The Forbes report says FBI investigators in Ohio recently used the GrayKey hardware box to unlock an iPhone 11 Pro Max belonging to Baris Ali Koch, who was accused of helping his convicted brother flee the country by providing him with his own ID documents and lying to the police. Koch has entered a plea agreement and is currently awaiting sentencing.

It has been confirmed that Koch’s iPhone was locked using a passcode when the FBI got their hands on the device and that his device passcode was never revealed to law enforcement, nor was Koch forced to use Face ID to unlock the device.

The search warrant in question specifically mentions that GrayKey was used to allow ‘forensic analysis”  of the iPhone. GrayKey is a “gray box” that has previously been used by law enforcement to crack the passcode on iPhones. While exact details of how GrayKey works are not available, it is known that the device uses security exploits to access information on a locked iPhone and that Apple continues to work to fix such exploits.

A GrayKey brochure, previously released by Forbes, shows that GrayKey works to unlock older devices as well, and the two iPhones used by the Pensacola shooter are an iPhone 5 and an iPhone 7. This reveal suggests the FBI should be capable of unlocking the iPhones on their own.

If I were a conspiracy-minded individual, I would suggest that the Justice Department and other government agencies are looking to use situations such as this as leverage to eventually force Apple and other tech firms to provide backdoors into their devices and software for use by law enforcement in cases such as this.

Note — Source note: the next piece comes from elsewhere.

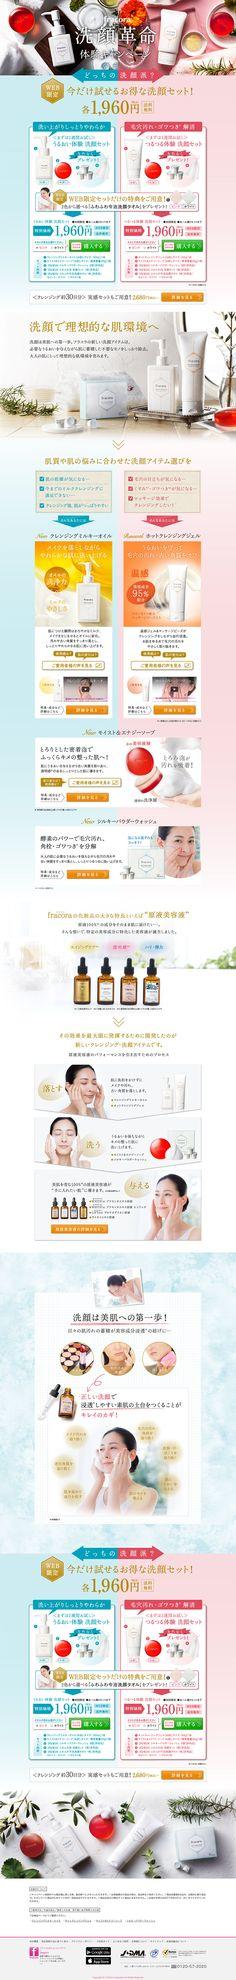 洗顔革命体験キャンペーン|WEBデザイナーさん必見!ランディングページのデザイン参考に(キレイ系)

This would be a trampling of our freedoms.

As Apple and other firms have stated, such a backdoor would eventually fall into the hands of the bad guys, allowing them to access victims’ devices and their information.

Apple appears to be gearing up for another legal battle, similar to the one it faced in 2016 during the San Bernardino shooter case, indicating it will fight any attempts to force them to create backdoors to its devices and encrypted software like its Messages and FaceTime apps.